Bu kapsamda tedarik ettiğimiz sistemin kontrol ve hazırlıklarına planlandığı şekilde devam ediyoruz. Türkiye F-35 programının sadece bir müşterisi değil, aynı zamanda ortağıdır. F-35 teknolojisinin güvenliği, ABD için olduğu kadar Türkiye için de önemli. ABD hükümetinin F-35 programına ilişkin raporu gösterdi ki Türkiye’nin programdan uzaklaştırılması, F-35 uçağının kritik parçalarının üretim takvimi ve maliyetin düşürülmesine ilişkin riskler doğurdu.
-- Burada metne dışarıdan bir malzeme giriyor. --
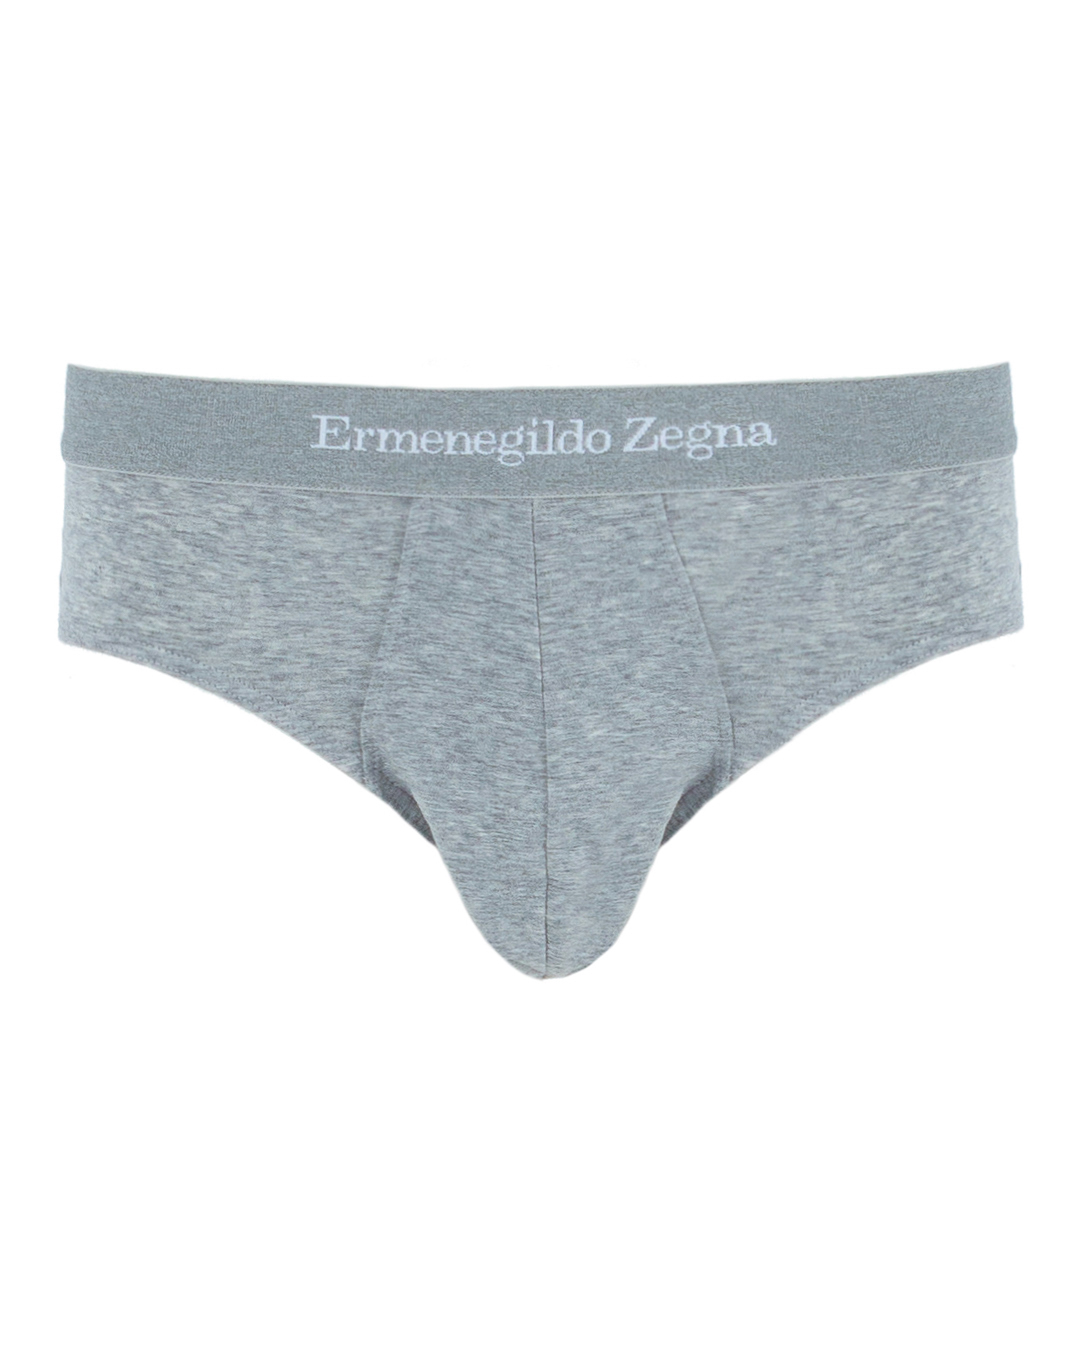 Ermenegildo Zegna с логотипом бренда  артикул  марки Ermenegildo Zegna купить за 4900 руб.
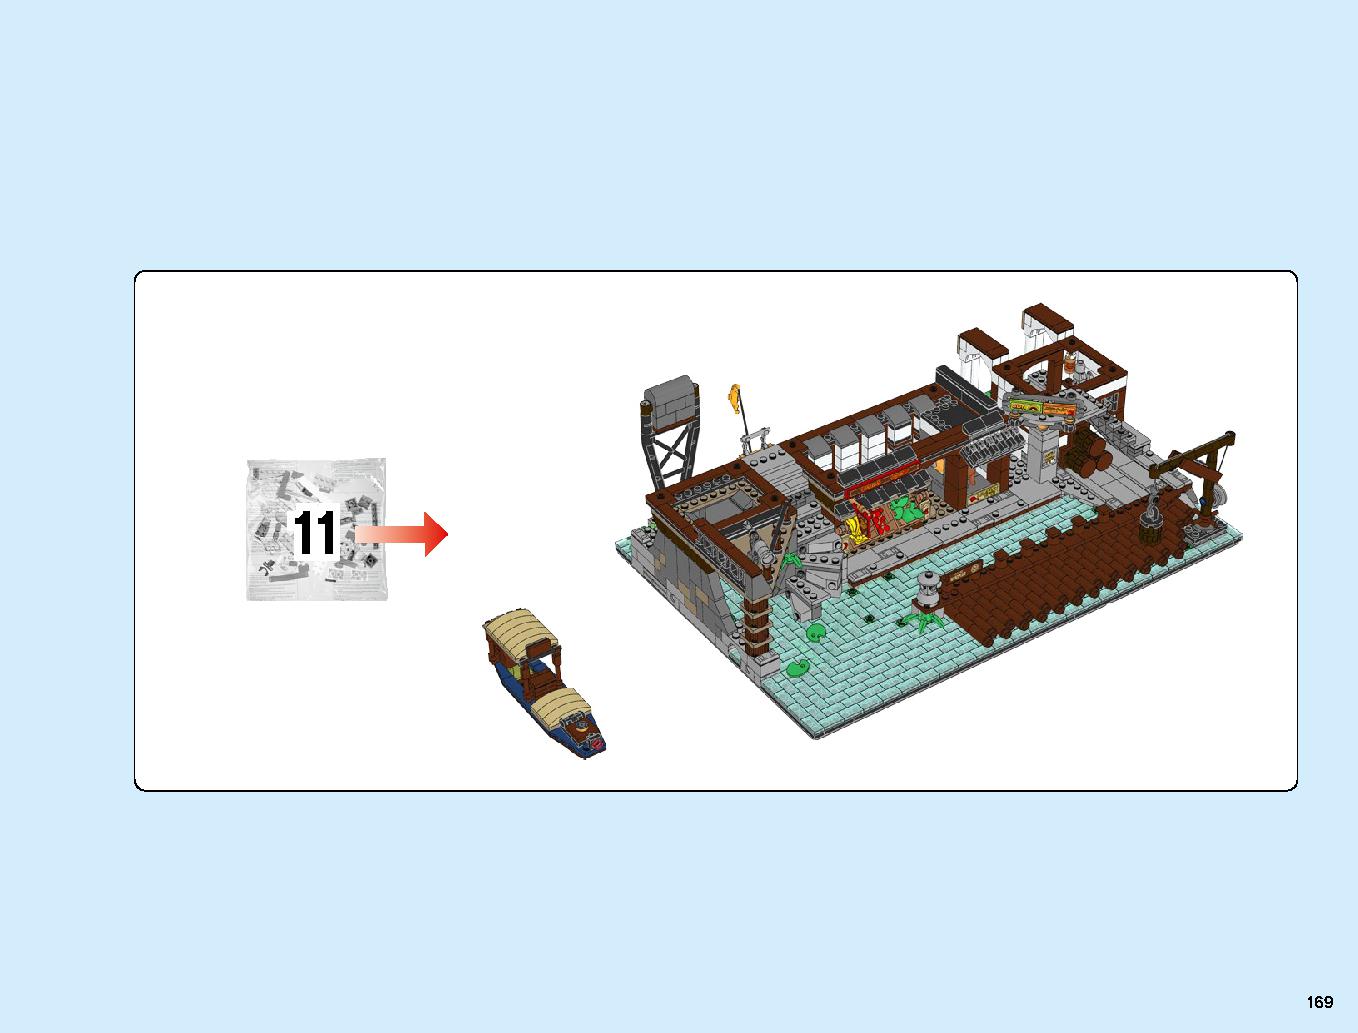 ニンジャゴーシティ・ポートパーク 70657 レゴの商品情報 レゴの説明書・組立方法 169 page

ABD’nin teknik anlamda S-400 ve F-35’lerin uyumluluğu konusundaki herhangi bir kaygısını ele almaya hazırız. Bu kapsamda ortak çalışma grubu teklifimiz halen masadadır. Bu husus resmi olarak ABD’lilere, NATO’ya iletilmiş bulunmaktadır.”
‘2020’DE 41 BİN KİŞİ BEDELLİ ASKERLİĞE MÜRACAAT ETTİ’
Bakan Akar, 2020’de bedelli askerlikten yararlanmak için 41 bin, dövizle askerlik hizmeti uygulamasından yararlanmak için ise 2 binden fazla kişinin müracaat ettiğini belirterek “Yeni Askerlik Kanunu ile ilk kez ihdas edilen yedek astsubaylık statüsüne vatandaşlar yoğun ilgi gösterdi. Bugüne kadar yedek astsubay statüsünde 29 bin vatandaş silah altına alındı. Bakanlığımız ve devletimizin tüm kurumları bu bilinçle hareket etmekte, şehitlerimizin değerli aileleri ve gazilerimize sağlanan hakların sürekli geliştirilmesi için azami gayreti göstermektedir. Bu çerçevede faaliyetlerimizi başta Aile, Çalışma ve Sosyal Hizmetler Bakanlığı olmak üzere ilgili bakanlıklarla koordineli olarak yürütmekteyiz” diye konuştu.